2 minute read

COCAINE BEAR

While allegedly based on real-life events, this movie is silly and disjointed, earning 0 stars from our critic.

RUNNING TIME: 1 hour, 35 minutes

RATING: 0 stars

BY REX REED THE NORTH SHORE WEEKEND

A stupid waste of time called Cocaine Bear claims to be inspired by true events, but I don’t have to believe it if I don’t want to. This hokum hopes to capture the attention of moviegoers who will sit through anything as long as the projector keeps running, but “inspired” is not the word I would use to describe it.

Apparently there was an incident in 1985 when a drug dealer crashed a private plane somewhere near Knoxville, Tennessee, scores of bags containing cocaine worth millions of dollars piled out of the wreckage and got eaten by a black bear that flew through the forest like a hairy helicopter.

Fact or fiction, an actress turned wanna-be director, Elizabeth Banks, and a second-rate hack screenwriter, Jimmy Warden, have turned that less-than-historic event into a movie destined to fill the lower half of a double bill on cable TV—hoping for what Variety calls box-office boffo. The way things are going at the movies, it might be a hit in the making, but without the help of anyone with an I.Q. above 50.

In this fictional re-telling, the plane crashes in the Chattahoochee National Forest in Georgia. Numerous bags of white powder are scattered under trees, hanging from branches, floating in the river, and covering the floors of wooden ranger stations. A black bear comes along and eats it. He wants more. There isn’t much action, which is a shame, because the only times the movie comes to life is when the bear is eating people.

On a coke-fueled rampage, it attacks game wardens, innocent children, horrified tourists, and a gang of coke dealers too greedy and moronic to leave what’s left behind. Mostly it climbs trees, sniffing out everyone with cocaine on their arms and knees. mong the victims are Margo Martindale, the excellent character actress, reduced to the status of a buffoon as a forest ranger cussing out teenagers, criminals and the bear, which she blames for holding back her career (“Without you, I’d be in Yellowstone by now!”

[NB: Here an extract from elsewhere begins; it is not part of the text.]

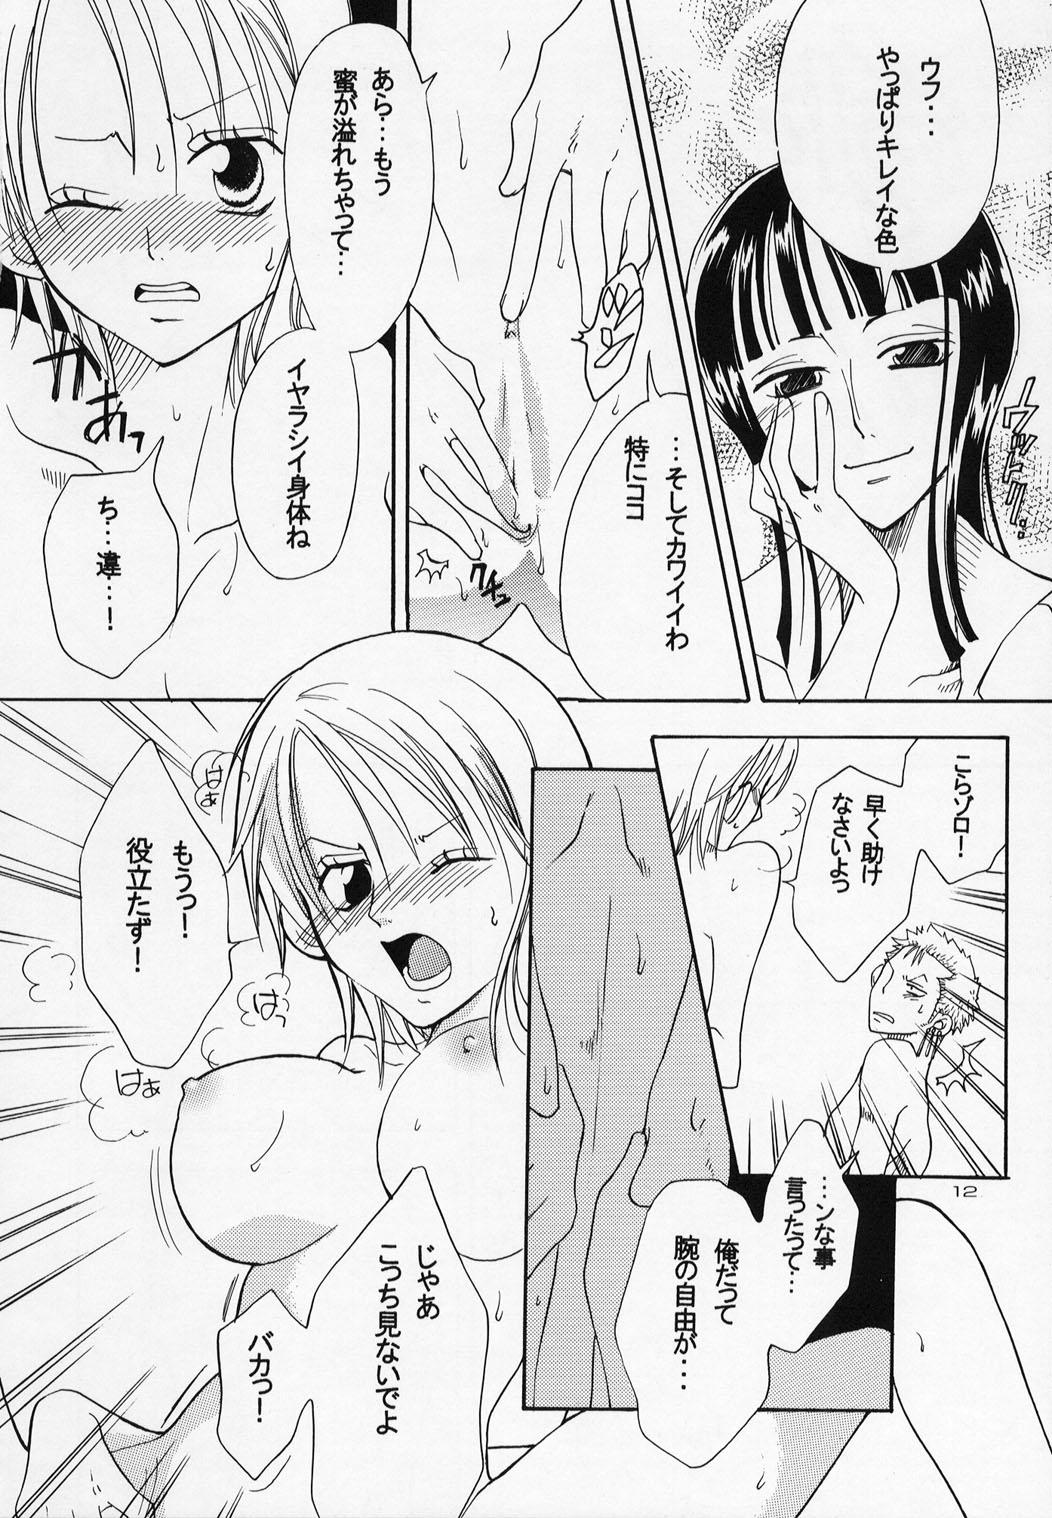 Ballbusting Shiawase Punch! 4 - One piece Movies - Page 12
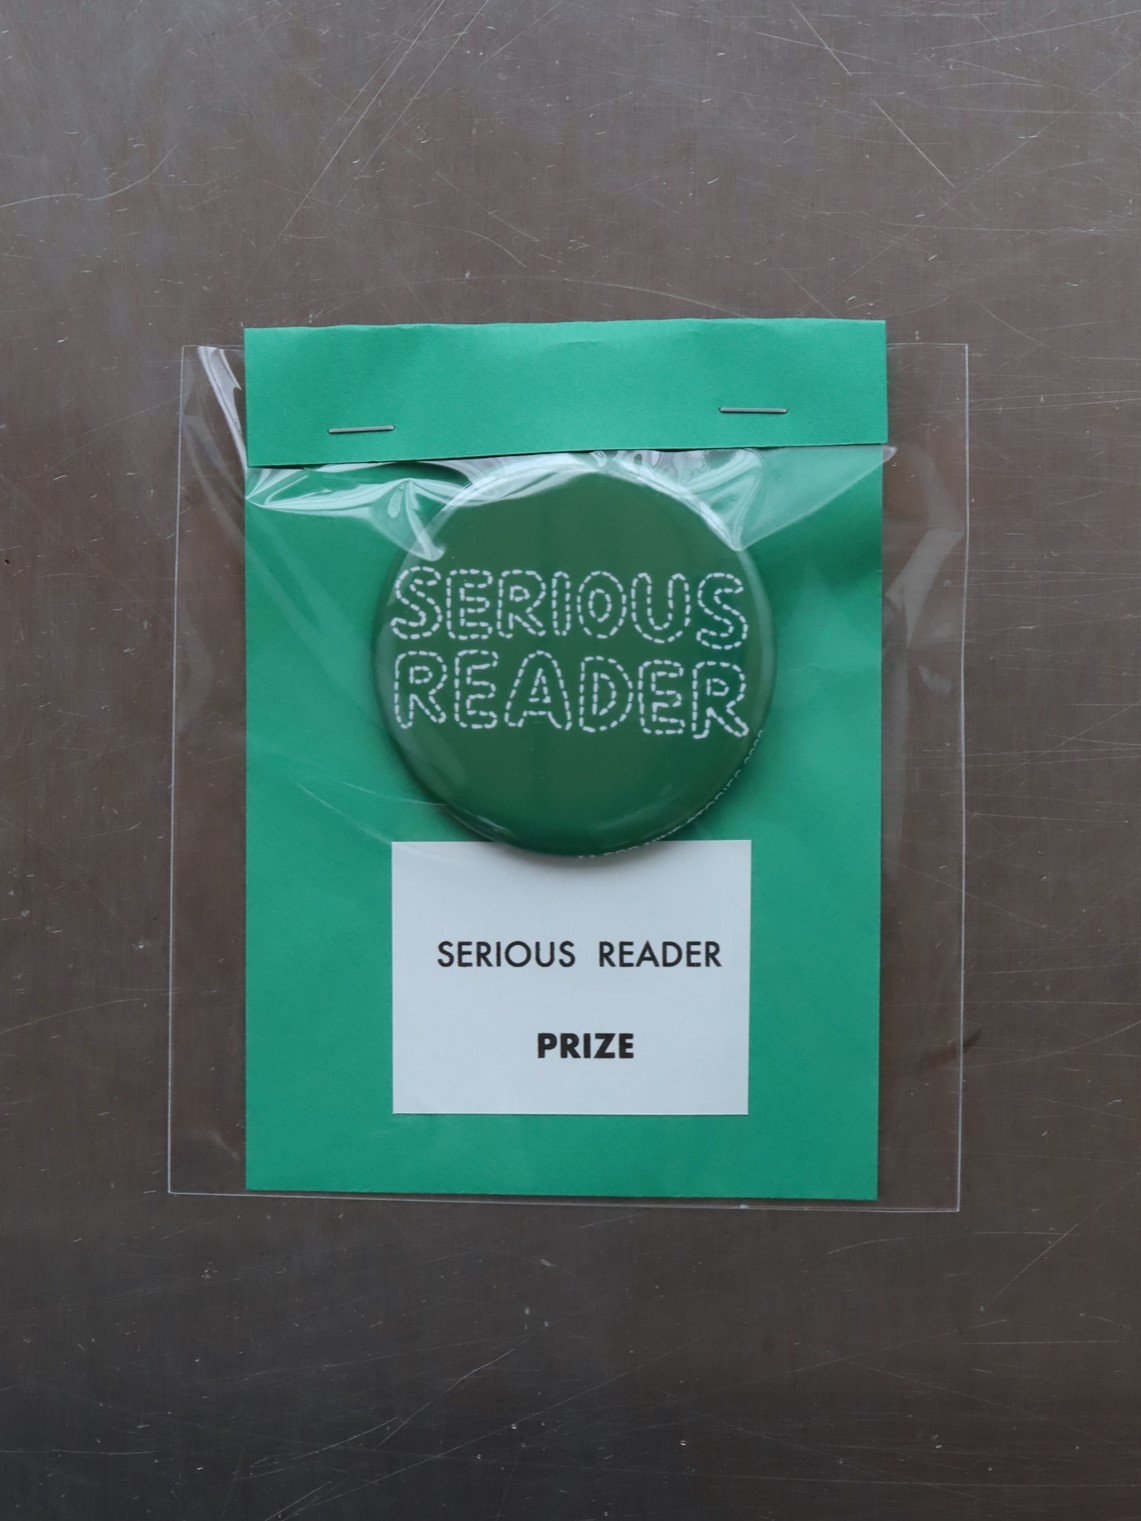 NINE STORIES　SERIOUS  READER  PRIZE　バッジ　green

This mess isn’t intentionally funny. It’s just silly and disjointed and woefully misguided. Nevertheless, it’s so bad it reaches near-farcical status. I mean, when the bear lands on top of one victim, he finally informs the audience of the creature’s gender.

“It’s a female!” he shouts as the bear chews his fingers off. “How do you know?” “Because her vagina is in my ear.”

The jokes seem to be misfiring.

In the sparsely attended cinema where I watched this fiasco (I counted ten ticket buyers, including myself), a few sadists groaned, but nobody laughed.

The saddest thing about Cocaine Bear is the fact that it is one of the final onscreen appearances by the popular, recently deceased Ray Liotta. He deserves better, but so does the audience.